# Exercise goal
All of the data that follows is to be printed exactly, without pictures.

# Available data

━━━━━━

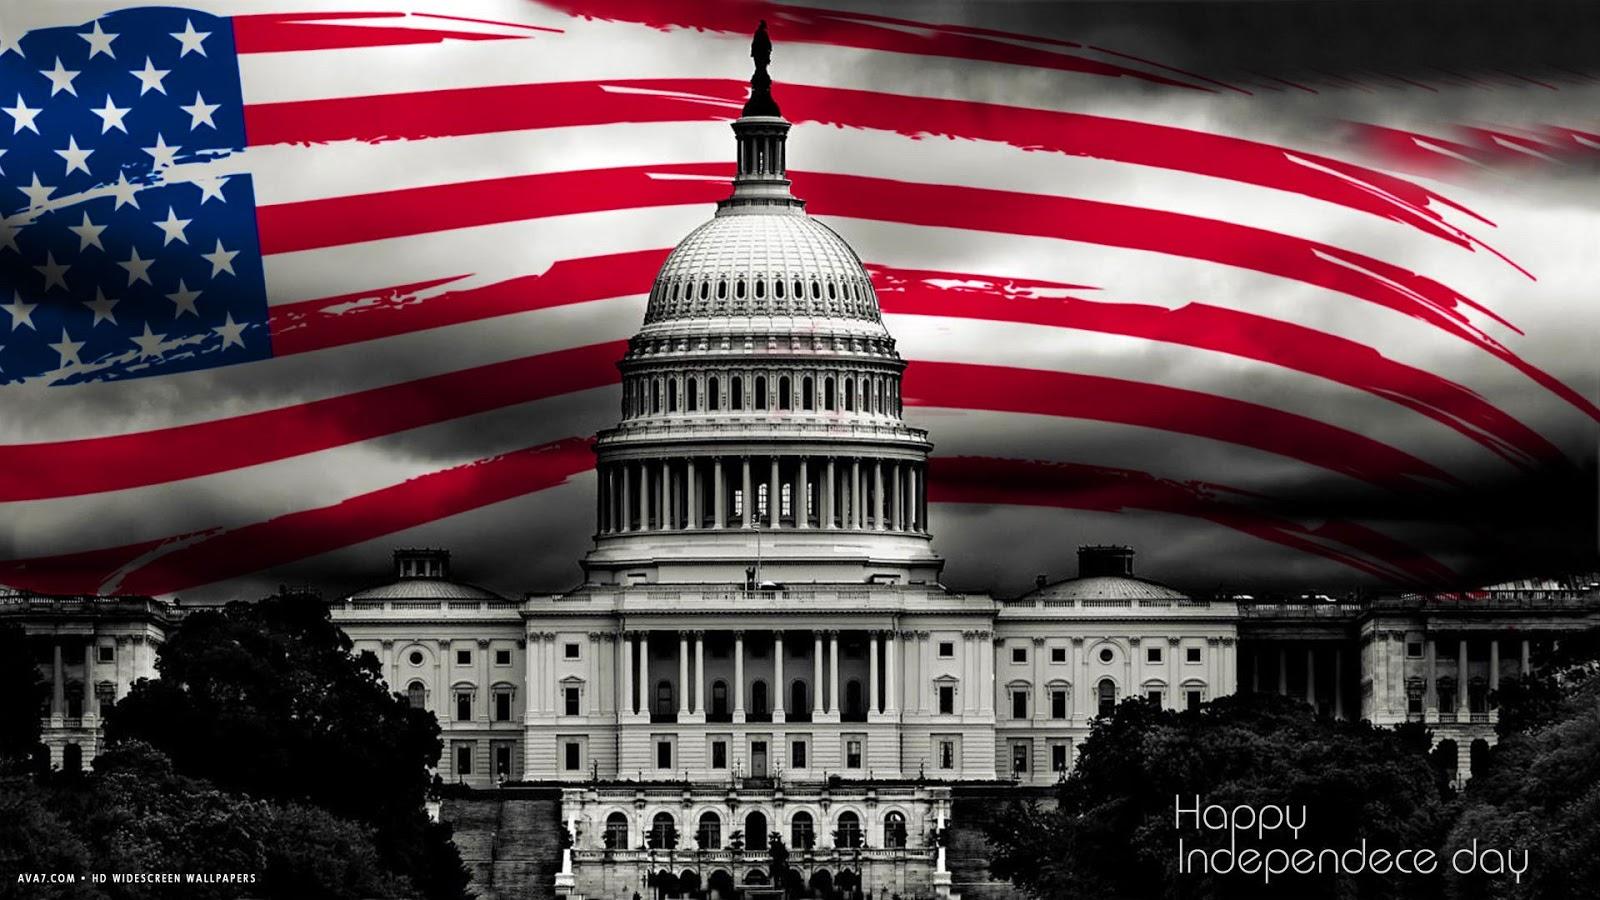 American Flag Wallpaper 1920x1080
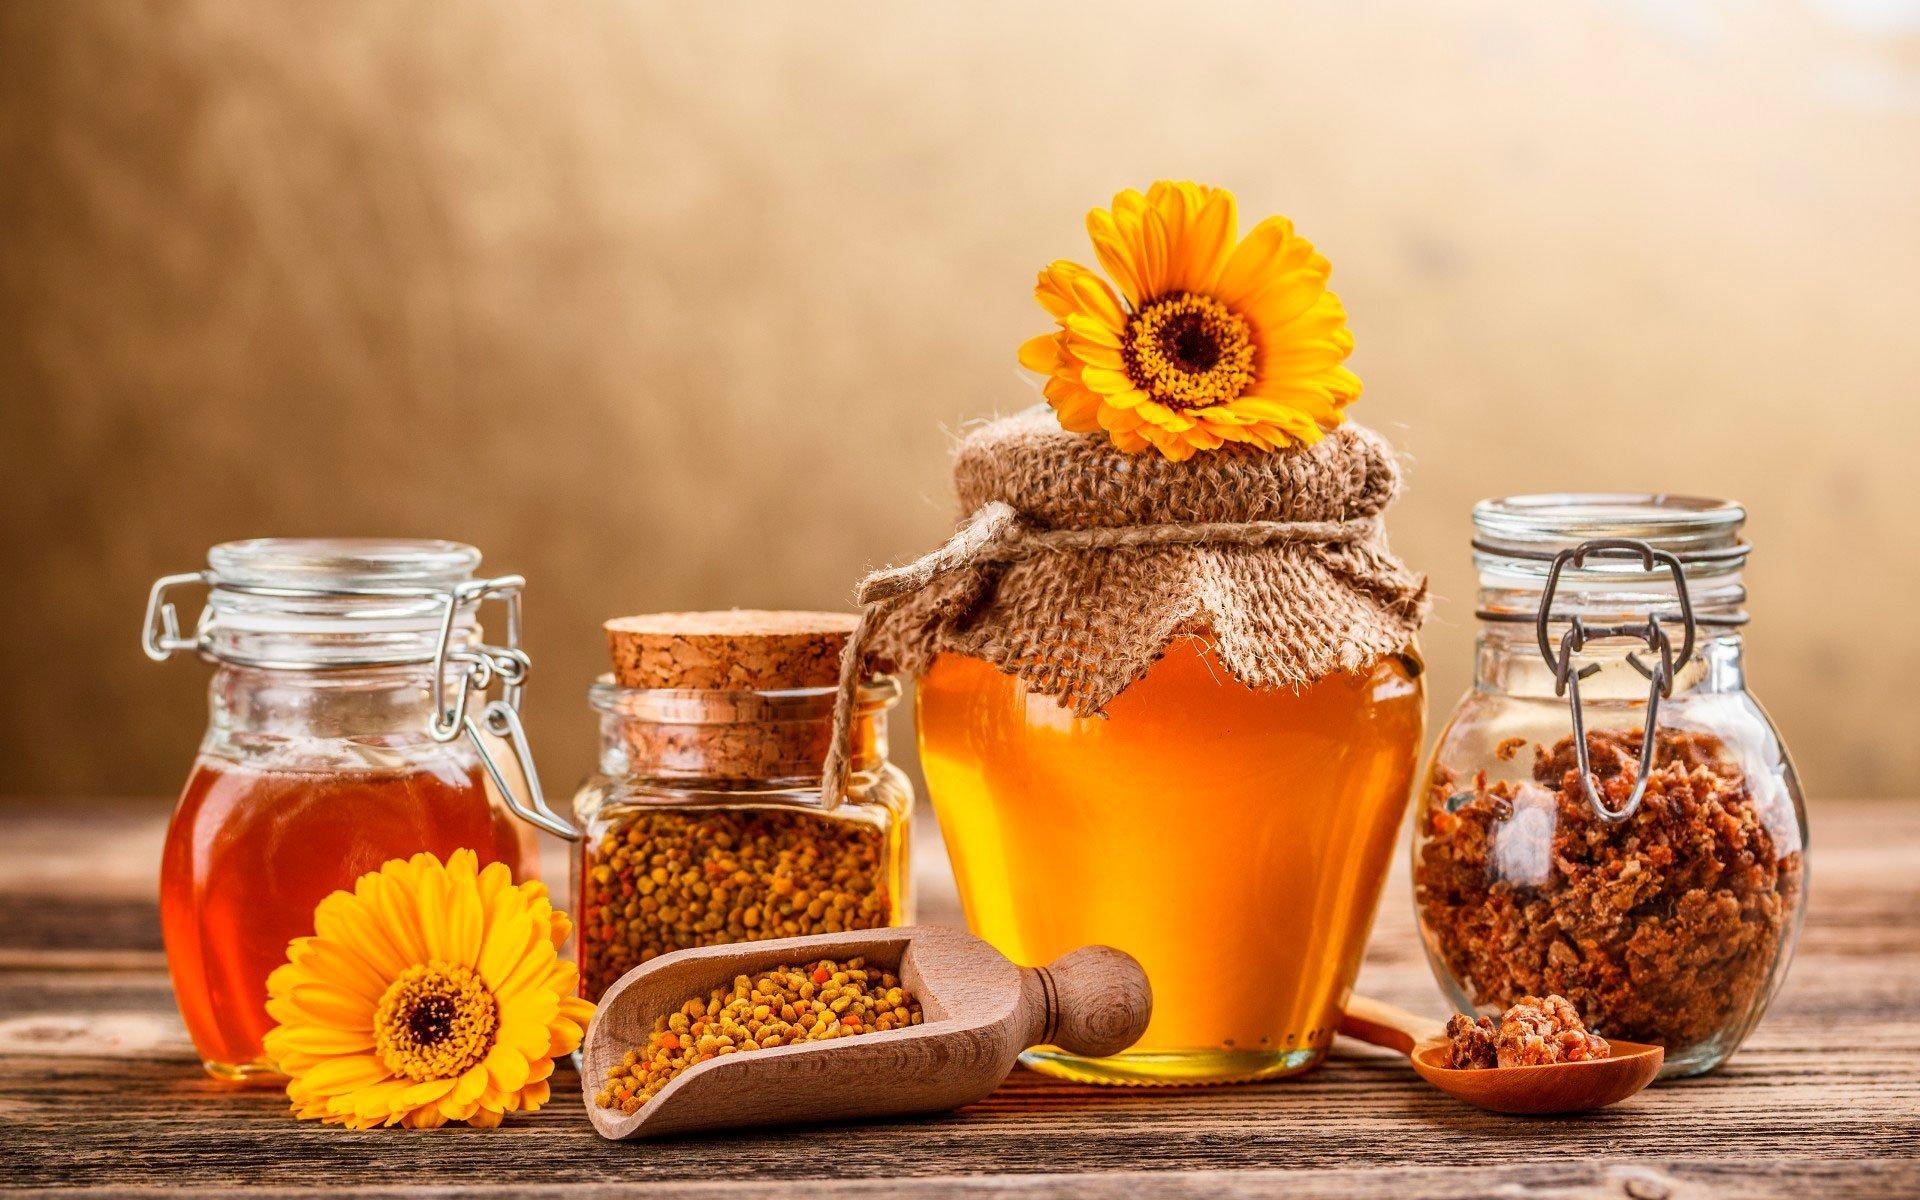 Лечебное применение прополиса и мёда при герпесе
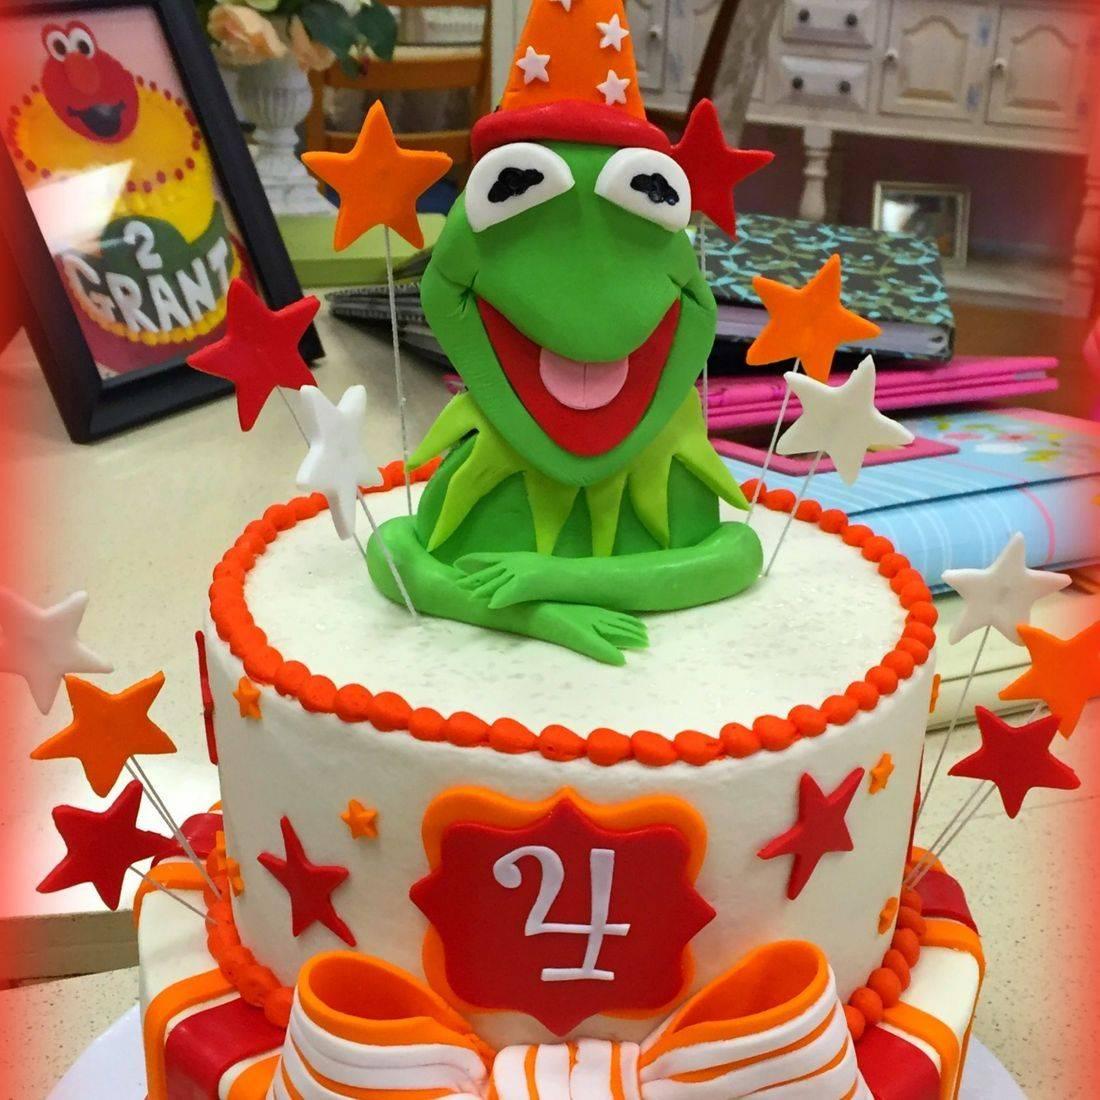 Kermit the Frog birthday cake muppets cake frog cake
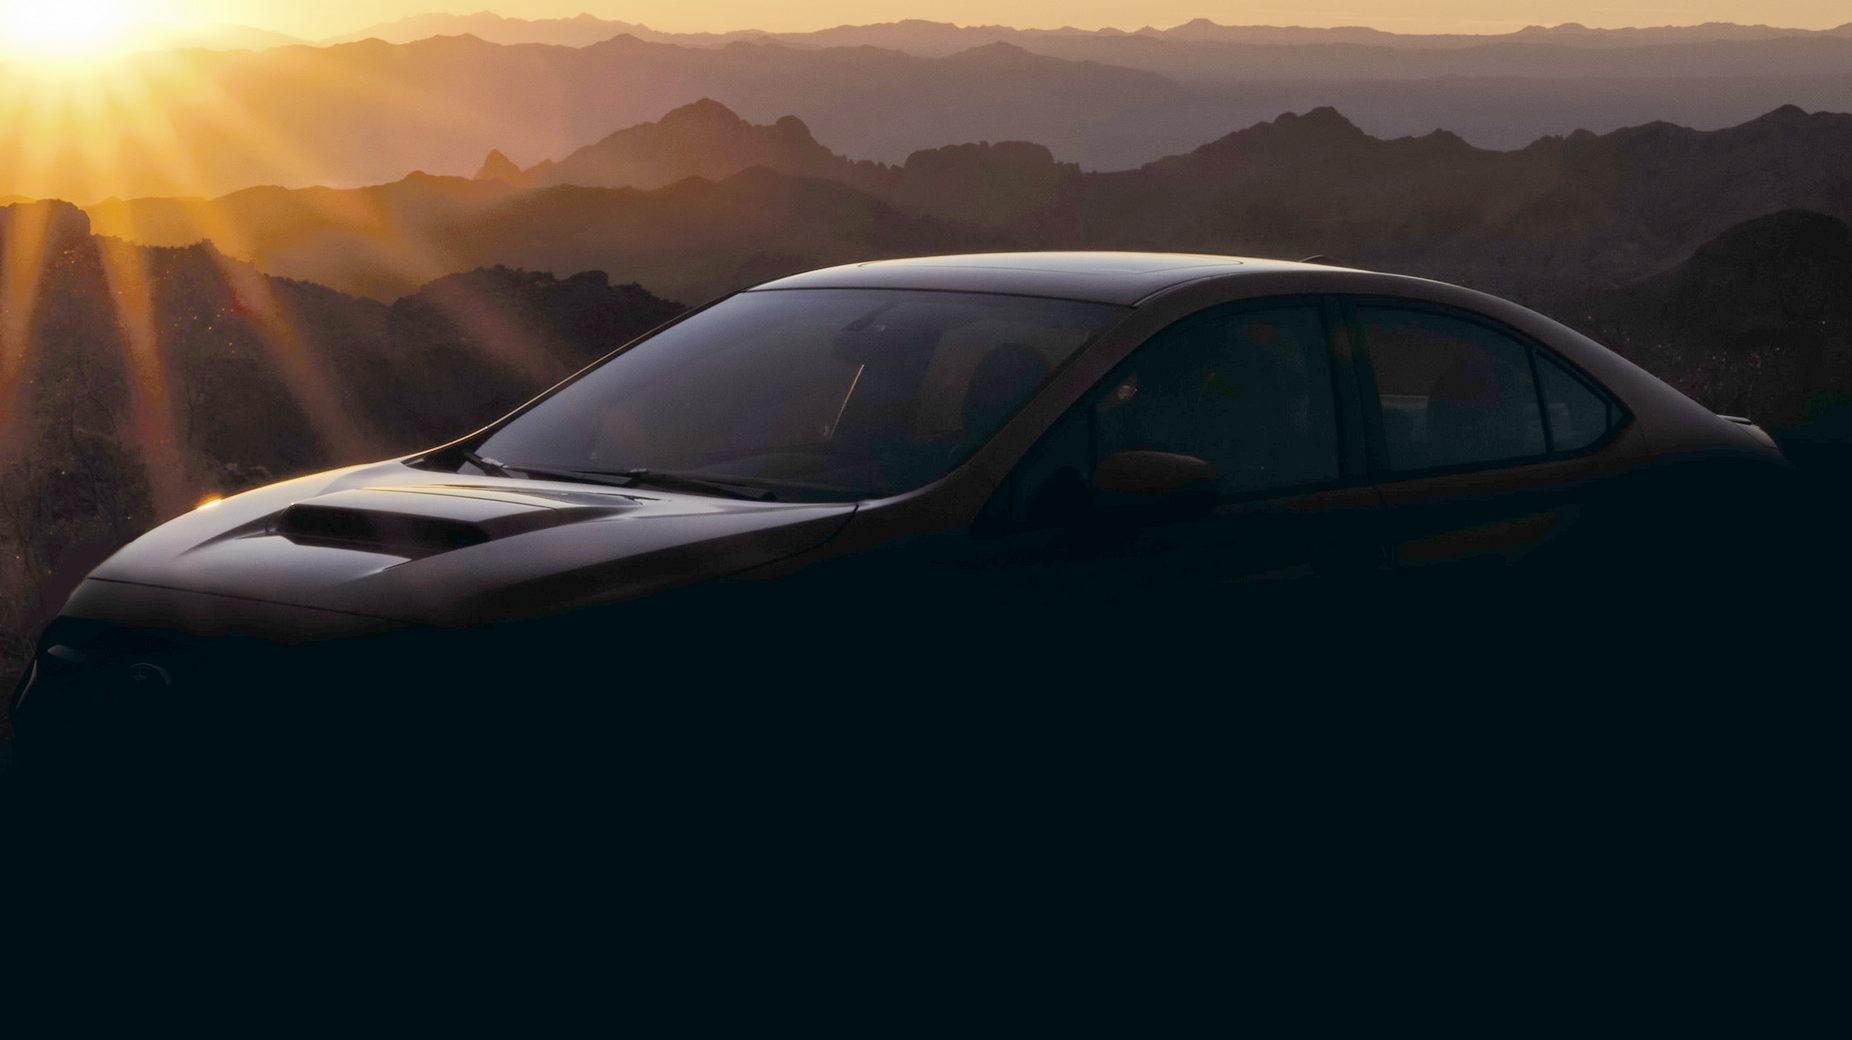 2022 Subaru WRX Will Debut on August 19

━━━━━━

# Reply to the exercise
 American Flag Wallpaper 1920x1080
 Лечебное применение прополиса и мёда при герпесе
 Kermit the Frog birthday cake muppets cake frog cake
 2022 Subaru WRX Will Debut on August 19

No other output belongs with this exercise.